Shribble <- lm(distance~fork, data = Shribble)
summary(Shribble)
##
## Call:
## lm(formula = distance ~ fork, data = Shribble)
##
## Residuals:
## Min 1Q Median 3Q Max
## -60.473 -12.540 -0.691 14.458 48.068
##
## Coefficients:
## Estimate Std. Error t value Pr(>|t|)
## (Intercept) 16.88937 5.85039 2.887 0.00415 **
## fork 0.48690 0.07196 6.766 6.22e-11 ***
## ---
## Signif. codes: 0 '***' 0.001 '**' 0.01 '*' 0.05 '.' 0.1 ' ' 1
##
## Residual standard error: 19.2 on 323 degrees of freedom
## Multiple R-squared: 0.1241, Adjusted R-squared: 0.1214
## F-statistic: 45.78 on 1 and 323 DF, p-value: 6.218e-11
Rush_model <- lm(distance~fork, data = Rush)
summary(Rush_model)
##
## Call:
## lm(formula = distance ~ fork, data = Rush)
##
## Residuals:
## Min 1Q Median 3Q Max
## -62.087 -12.551 -0.334 12.849 54.574
##
## Coefficients:
## Estimate Std.

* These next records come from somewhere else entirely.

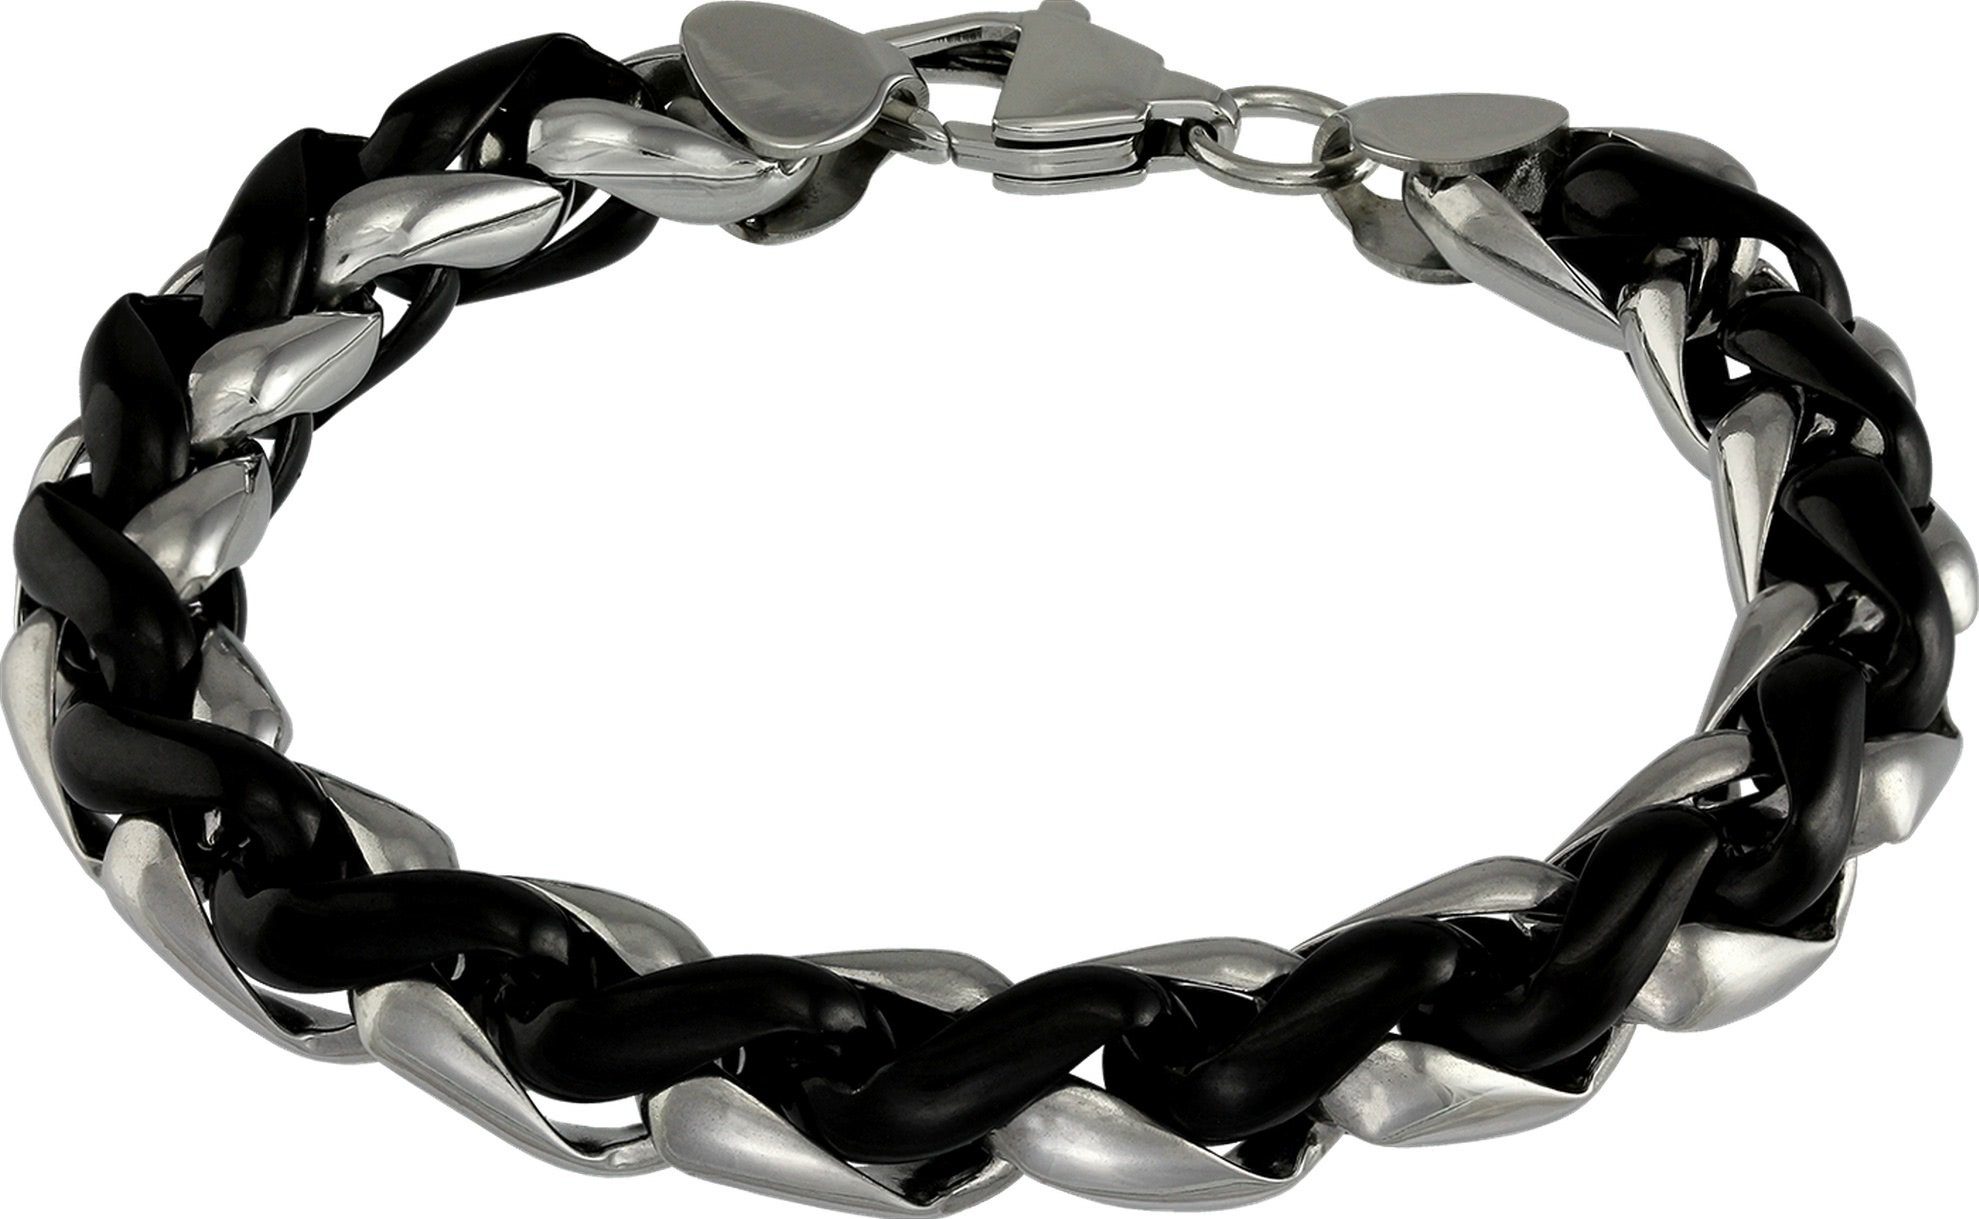 Edelstahl glänzend, schwarz Armband schwarz silber (Armband), Edelstahlarmband geflochten (geflochten) 21,5cm, Amello Amello ca. Armband
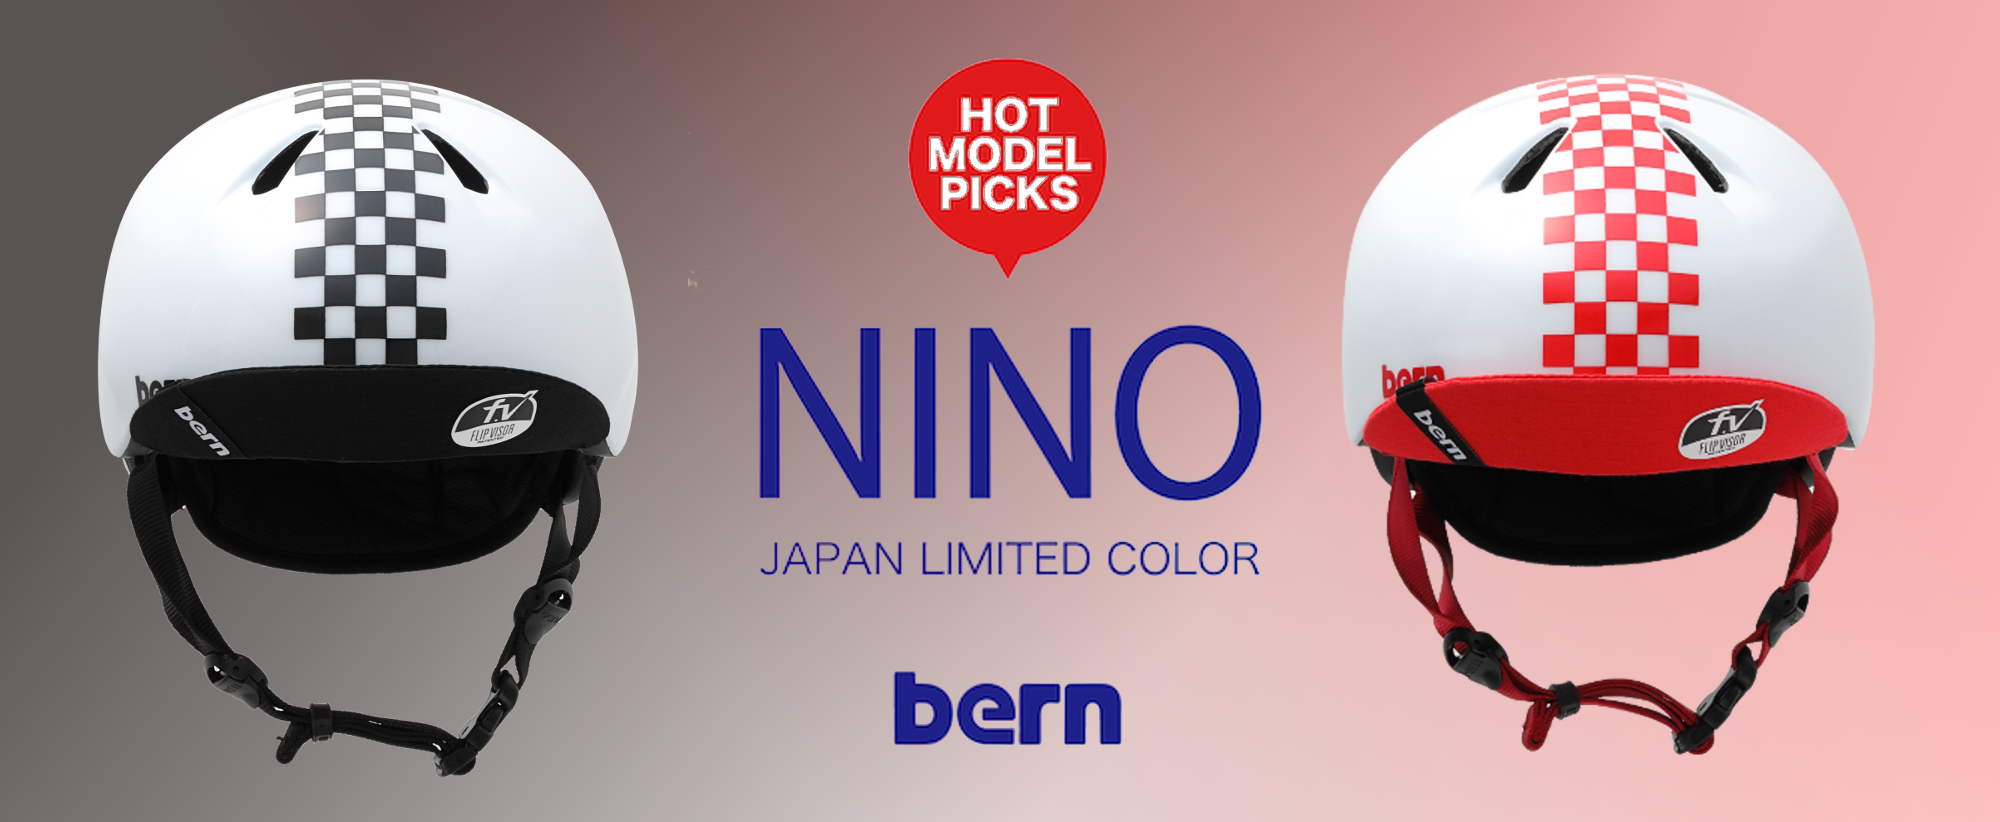 bern【NINO Japan Limited】チェッカー柄が登場!! - 自転車雑貨 FLIP＆FLOP
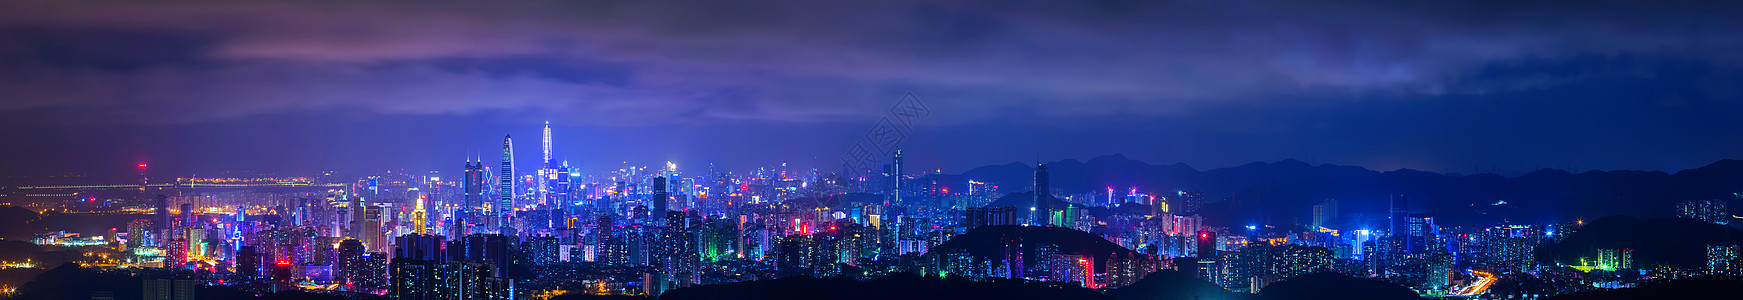 京基一百深圳城市夜景背景
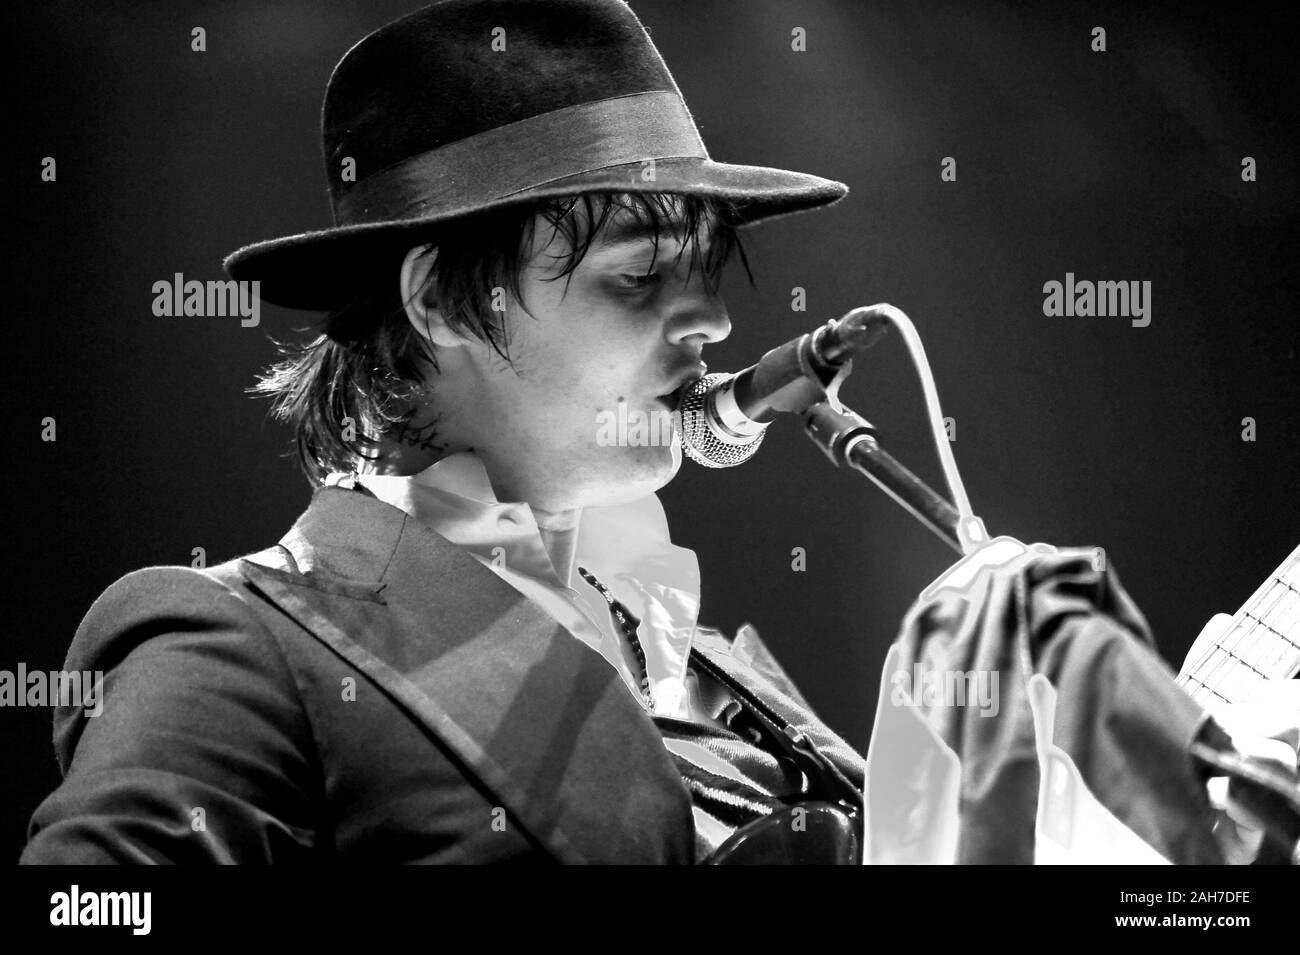 Italien Mailand, 14. Juni 2009,Musikfestival'Rock in Idro'at the Idroscalo:der Sänger und Gitarrist der Gruppe Babyshambles, Pete Doherty. Stockfoto
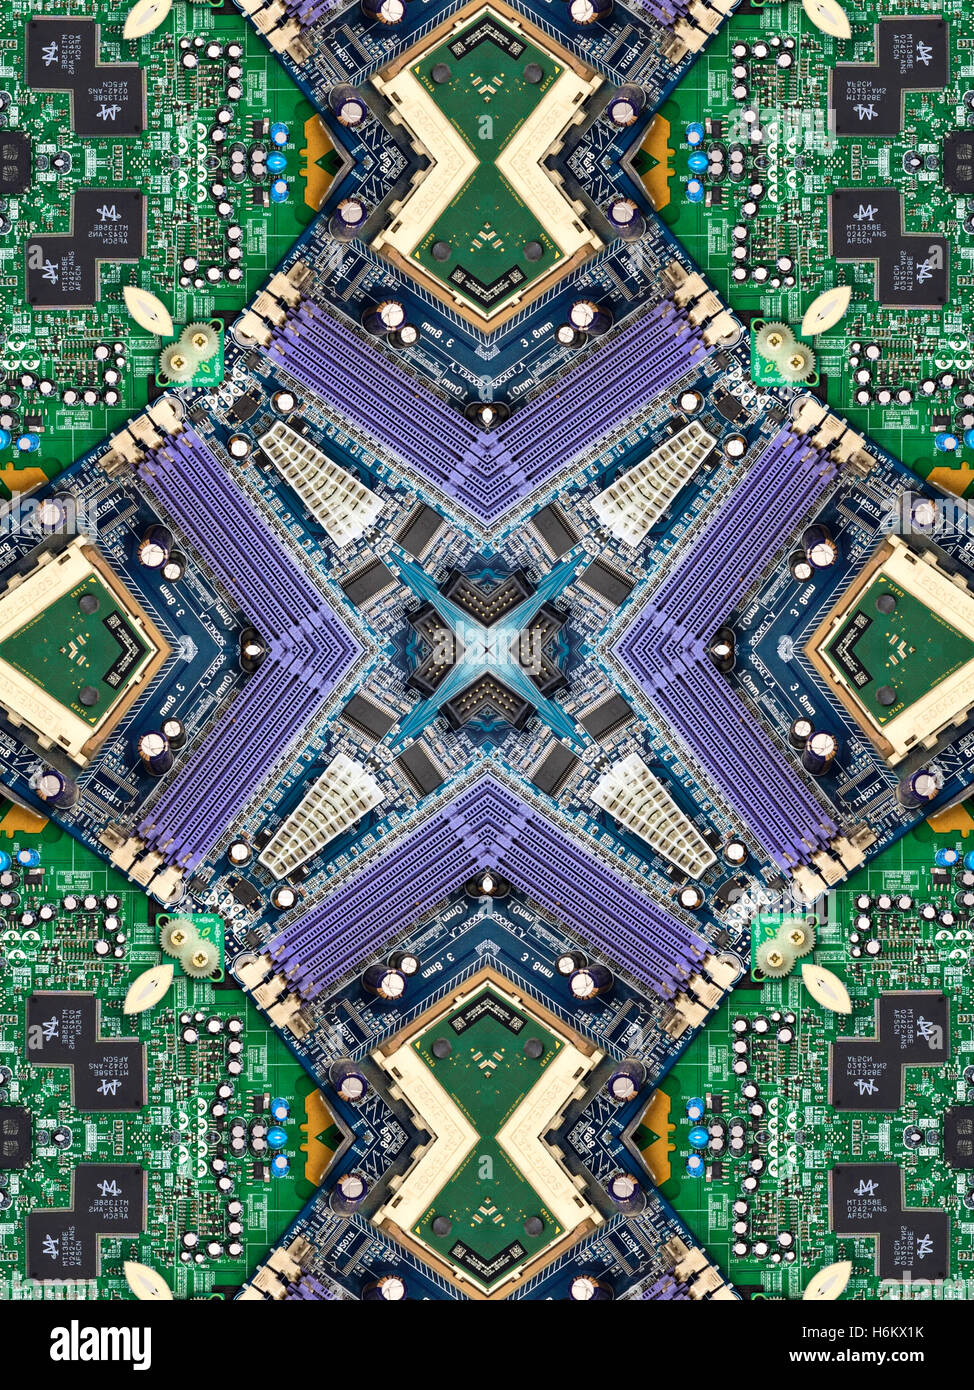 Un kaléidoscope image faite de l'intérieur d'un ordinateur - sa carte mère, puce d'ordinateur, et les composants électroniques. Banque D'Images
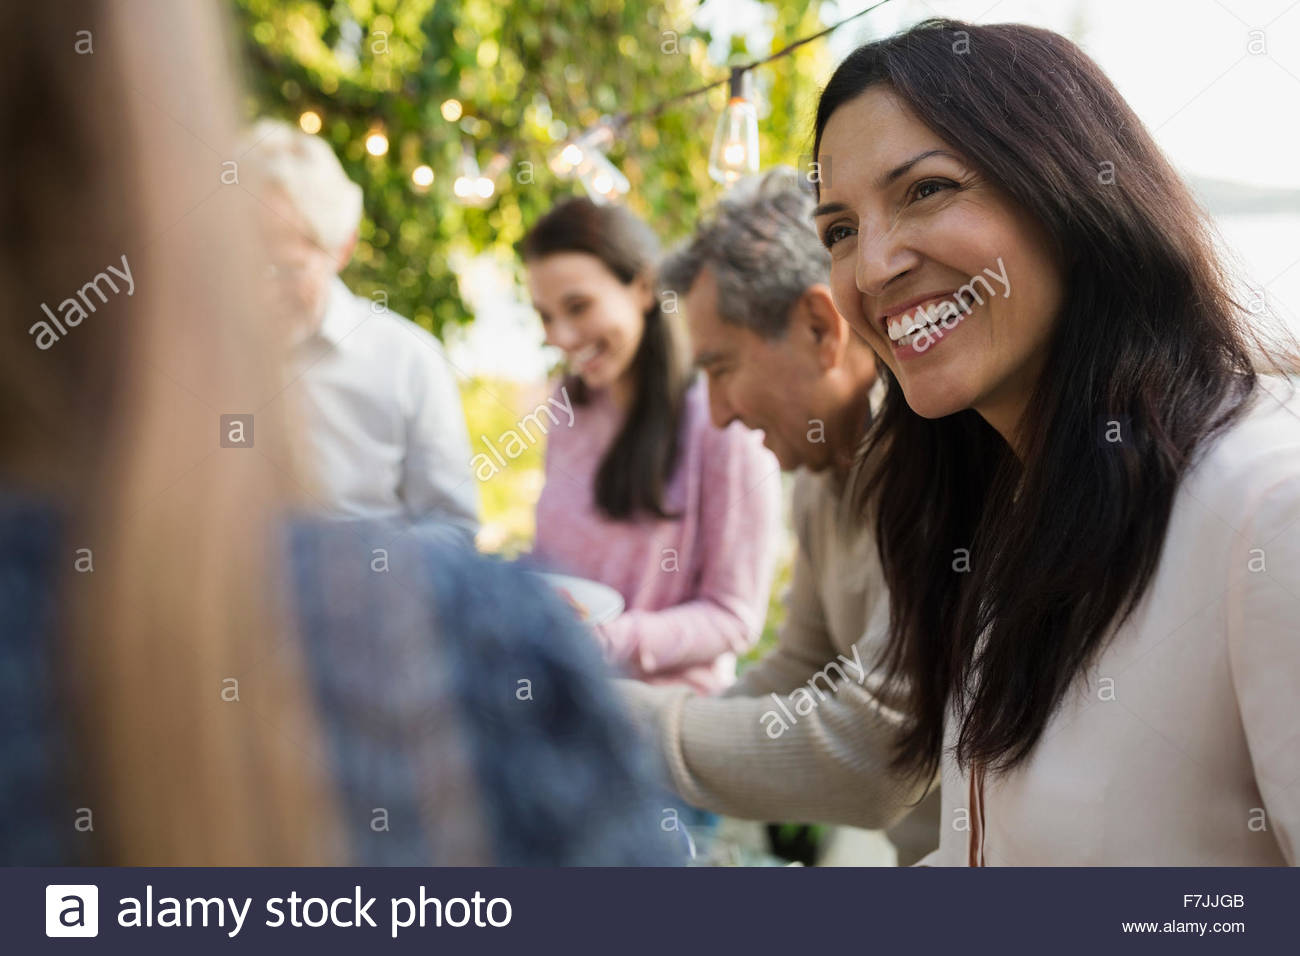 Smiling woman talking at social gathering Stock Photo

Error t value Pr(>|t|)
## (Intercept) 55.39601 5.46169 10.14 <2e-16 ***
## fork 1.50080 0.05377 27.91 <2e-16 ***
## ---
## Signif. codes: 0 '***' 0.001 '**' 0.01 '*' 0.05 '.' 0.1 ' ' 1
##
## Residual standard error: 19.21 on 323 degrees of freedom
## Multiple R-squared: 0.7069, Adjusted R-squared: 0.706
## F-statistic: 779 on 1 and 323 DF, p-value: < 2.2e-16
The impact of fork length on fish movement is significantly different between the rivers, with greater movement in the Rush as the fork length increased. Additionally, the overall average movement was greater in the Rush.
As above, you can always use predict to manually calculate the 95% confidence interval for the regression line and confint to get the confidence intervals for each regression term.
And there you have it: A breakdown of how to use ANCOVA to simultaneously analyze and compare two sets of data. The only requirements are that the data sets have the same independent and dependent variables and meet the other assumptions required for regression.